DimensionsOH: 35 5/8"; OW: 20"; SD: 16"
Credit LineMuseum Purchase
Object number1930-23,1
DescriptionAppearance: Serpentine crest rail with recessed center element; shaped, nearly parallel stiles; pierced and interlaced splat of gothic design with a pair of carved rosettes on either side of center; splat mortised into molded shoe; shoe and rear seat rail two separate pieces; seat rails have (replaced) molded upper edge; marlborough front legs have beaded outer edge; rear legs square in section and raked back slightly; H-plan stretchers plus rear stretcher.

Construction: Standard mortise-and-tenon joinery is used on the chair, though the joints are not pinned. The shoe is twice the thickness of the rear seat rail and overhangs its inner face considerably. Curiously, the upper 5/8" along the inside of the seat rails in between the corner blocks projects an additional 1/8," a feature not noted on other Virginia chairs. The medial stretcher is dovetailed into the side stretchers with a large V-shaped joint exposed at the top.
Label TextWith its distinctive Gothic splat and carved rosettes, this chair represents a pattern for which no exact parallel has been discovered in either America or Britain. From an extant set of six, the chair's history is unknown before 1930 when it was purchased from an antiques dealer in Washington, D. C. Evidence suggests that it was made in Fredericksburg, Virginia. The attribution is based partly on the existence of several chairs in the Fredericksburg area with equally unusual splats, and partly on the relationship of this chair to one that descended in the Barrett family of Falmouth, directly across the Rappahannock River from Fredericksburg (see SOUTHERN FURNITURE, fig. 20.1).
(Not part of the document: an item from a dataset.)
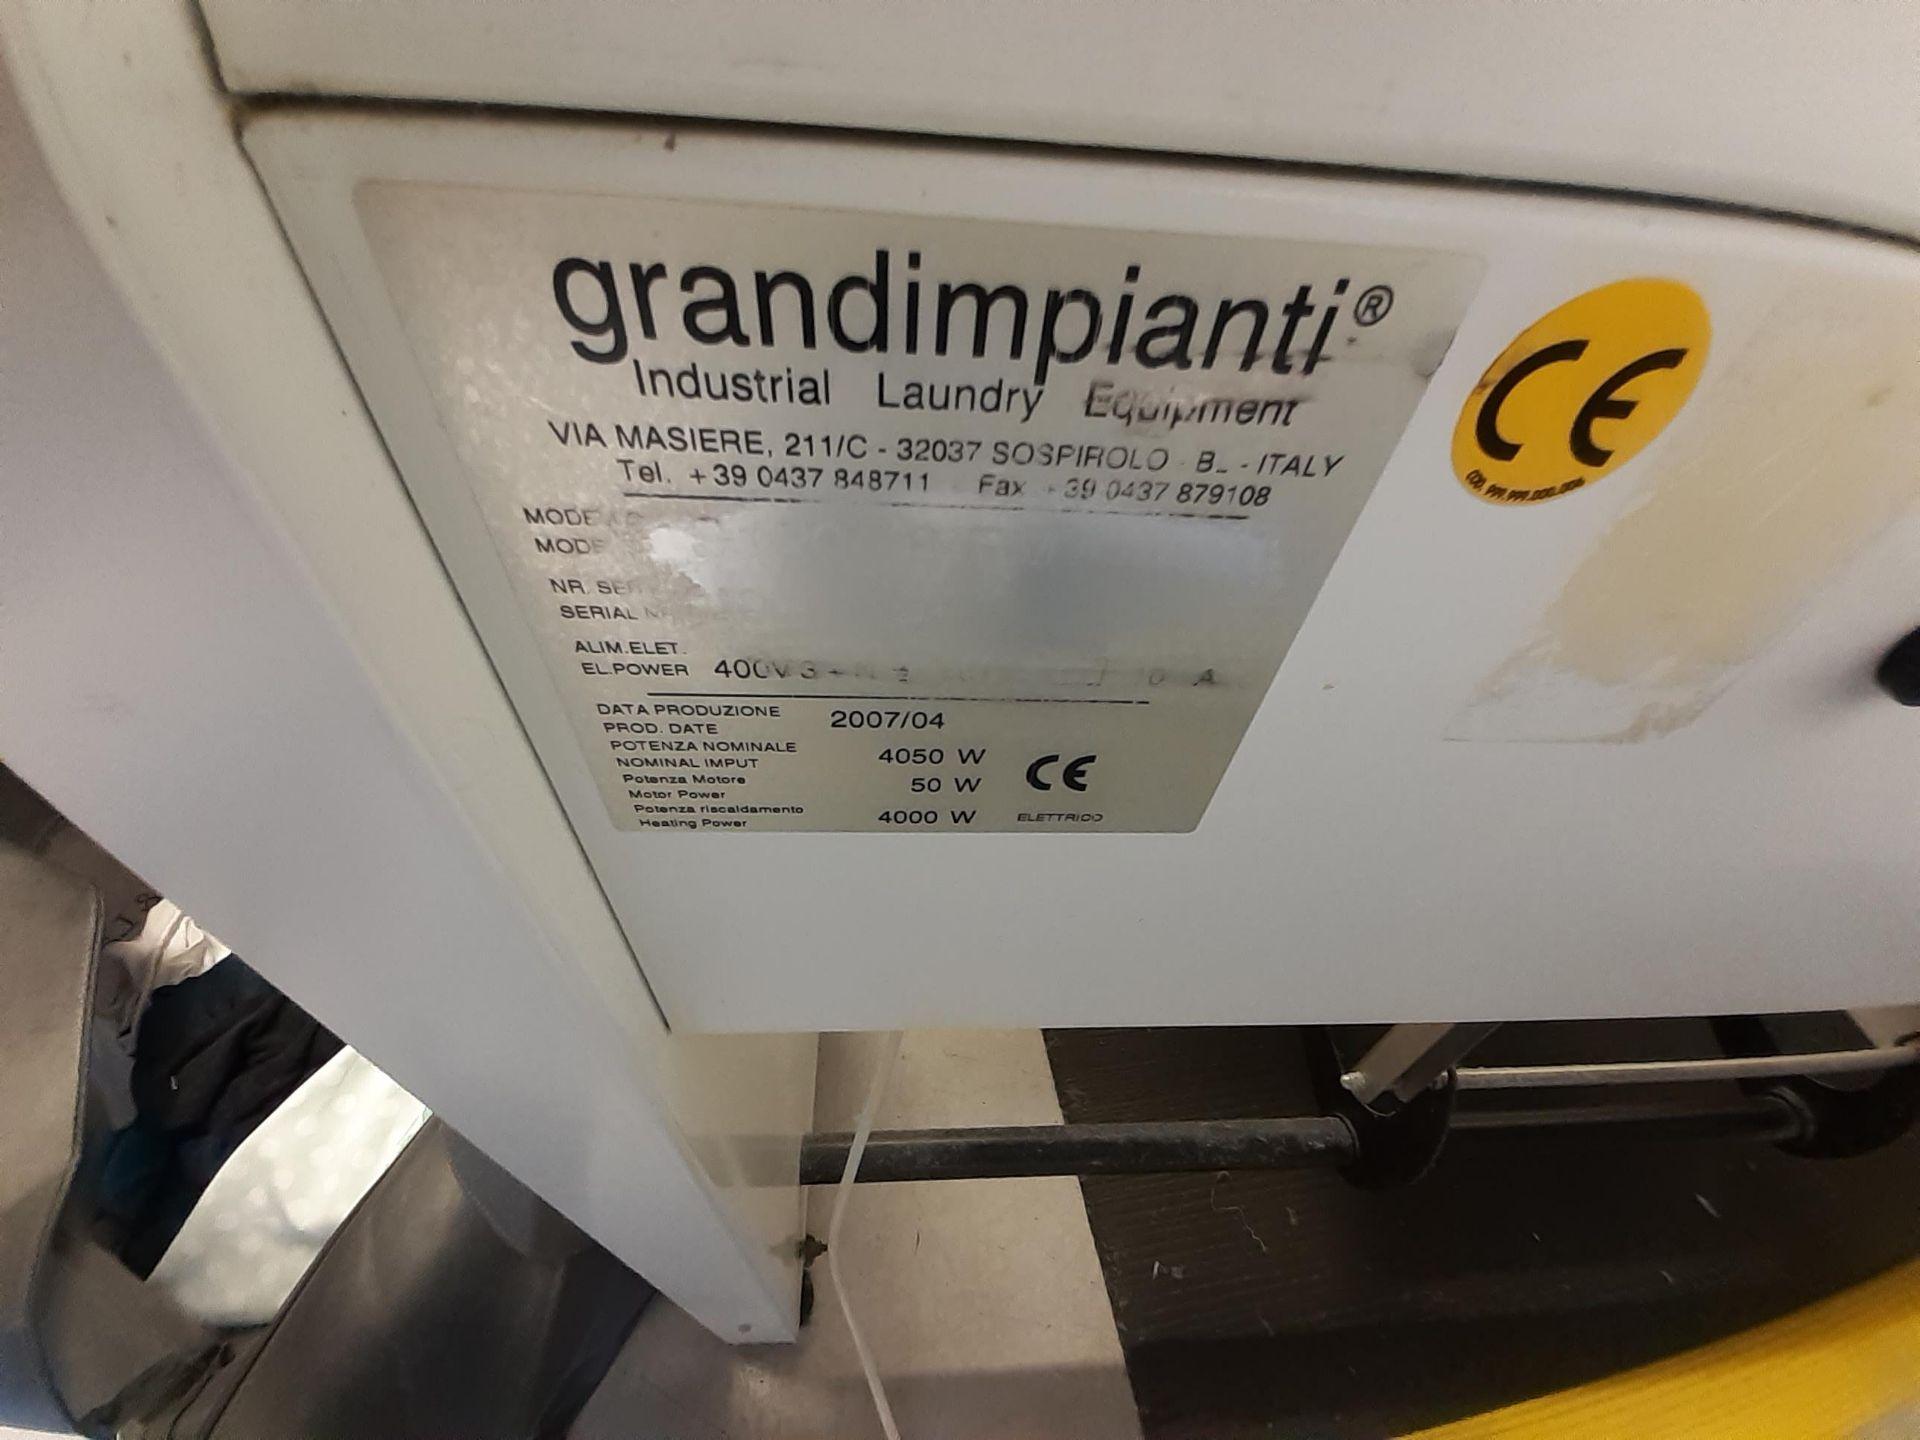 Grandimpianti Rotary Iron (2007) - Image 3 of 3

The CWF chair and the Barrett example each feature a complex splat with large rosettes, a deeply coved splat shoe with a filleted quarter-round molding at the top, and open knee brackets on either side of the front legs. More compelling still is a one-inch-thick strip of wood nailed to the inner face of the rear seat rail in the Barrett chair to provide additional support for the slip-seat frame. Oxidation patterns and a row of screw holes on the CWF chair indicate that it originally featured the same element, which, though common on British seating furniture, is rarely found in American chairs.

Possibly made by James Allan, Fredericksburg, VA.
InscribedNone.
MarkingsNone.
ProvenancePurchased by Perry, Shaw, and Hepburn in 1930 for the Daphne Room at the Raleigh Tavern from Washington, DC, antiques dealer F. St. George Spendlove.